つまり、放射線育種の作物が世に出てからすでに何十年も経っており、そして安全性に関する問題は報告されていません。
これ以上、何をどのように検査したらいいのか。
みなさんが毎日の食事で口にしている食材で、100年以上前の品種を一切改良せずそのまま食べている品種はありますか。
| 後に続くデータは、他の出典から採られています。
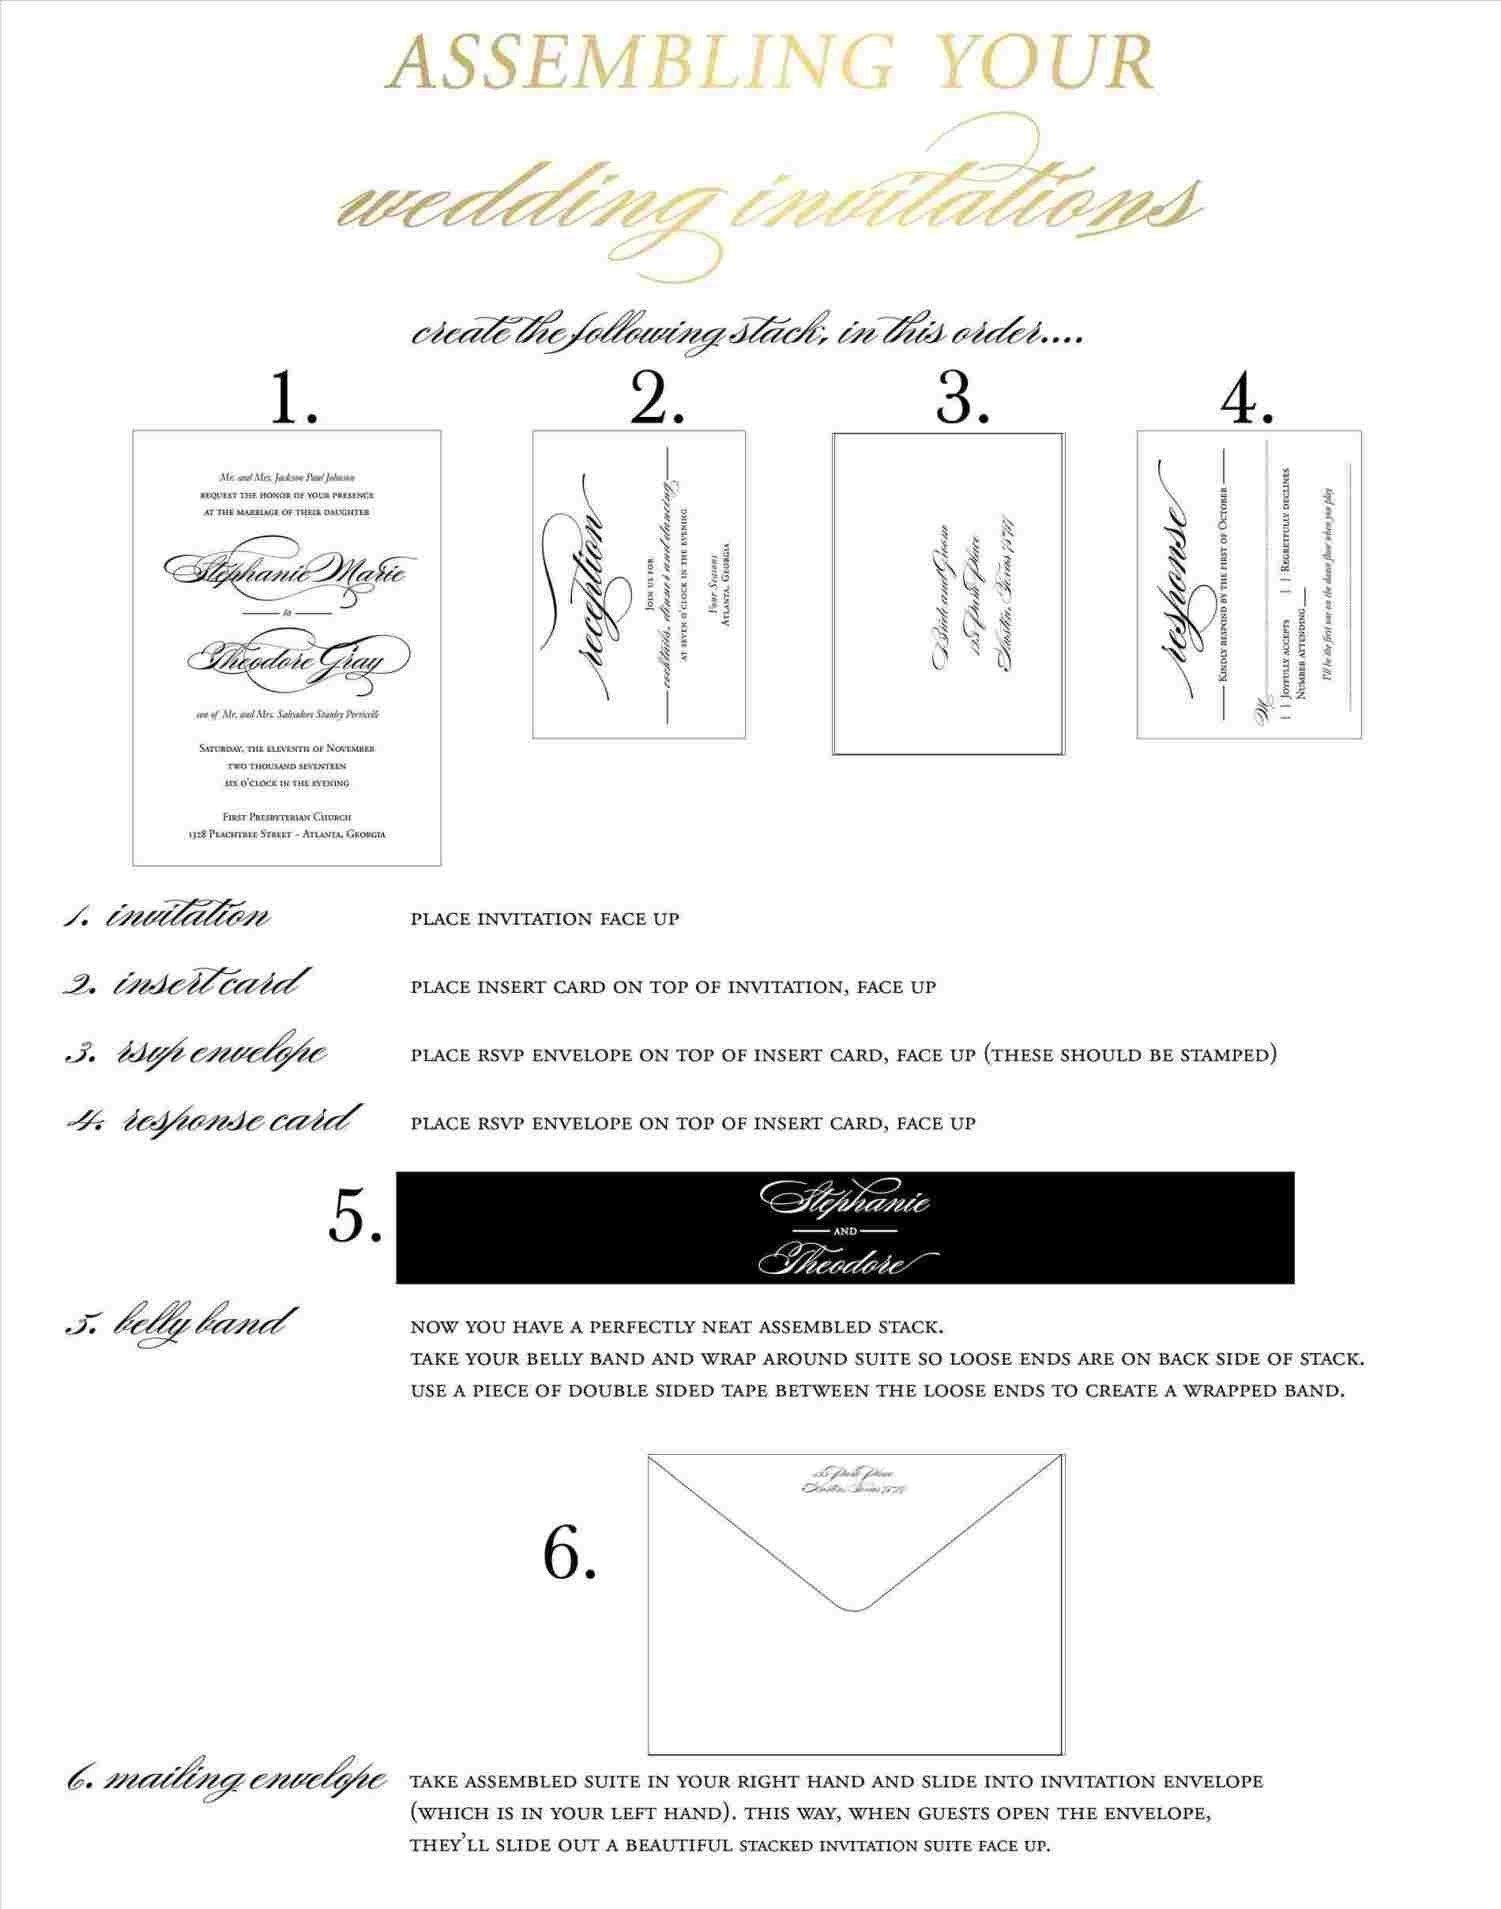 How To Assemble Wedding Invitations Best Card Images Rhcanpalnet Rhthecityo Assembling Wedding Invitations Wedding Invitations Examples Wedding Invitations Diy

ちなみに日本で最初にできたお米の品種(人工交配による改良品種第1号)は大正2年(1913年)の「陸羽(りくう)132号」です。
まずは自身が安全だと思うものと、毎日の食事内容を、検証可能な形で示してほしいですね。

まとめ

一部の活動家は、あきたこまちRへの対策として、怪しい民間療法を勧めています。
この怪しい民間療法を調べると、高額な商材や赤ちゃんの死亡事例などが出てきます。
はっきり言って論外です!
そして、こういう活動家が悪意を持って広めるデマを信じて、秋田県にメールや電話で抗議する人も相当数いるとのこと。
秋田県や秋田の米農家の風評被害を減らすためには、特定のあきたこまちR反対派の意見だけを鵜呑みにしないことです。
多角的な意見の一つとして、根拠に基づいたアグリファクトの記事は参考になるはずです。

前編はこちら

【ナス農家の直言】記事一覧

筆者

ナス男(ハイパーナスクリエイター「ただのナス農家」)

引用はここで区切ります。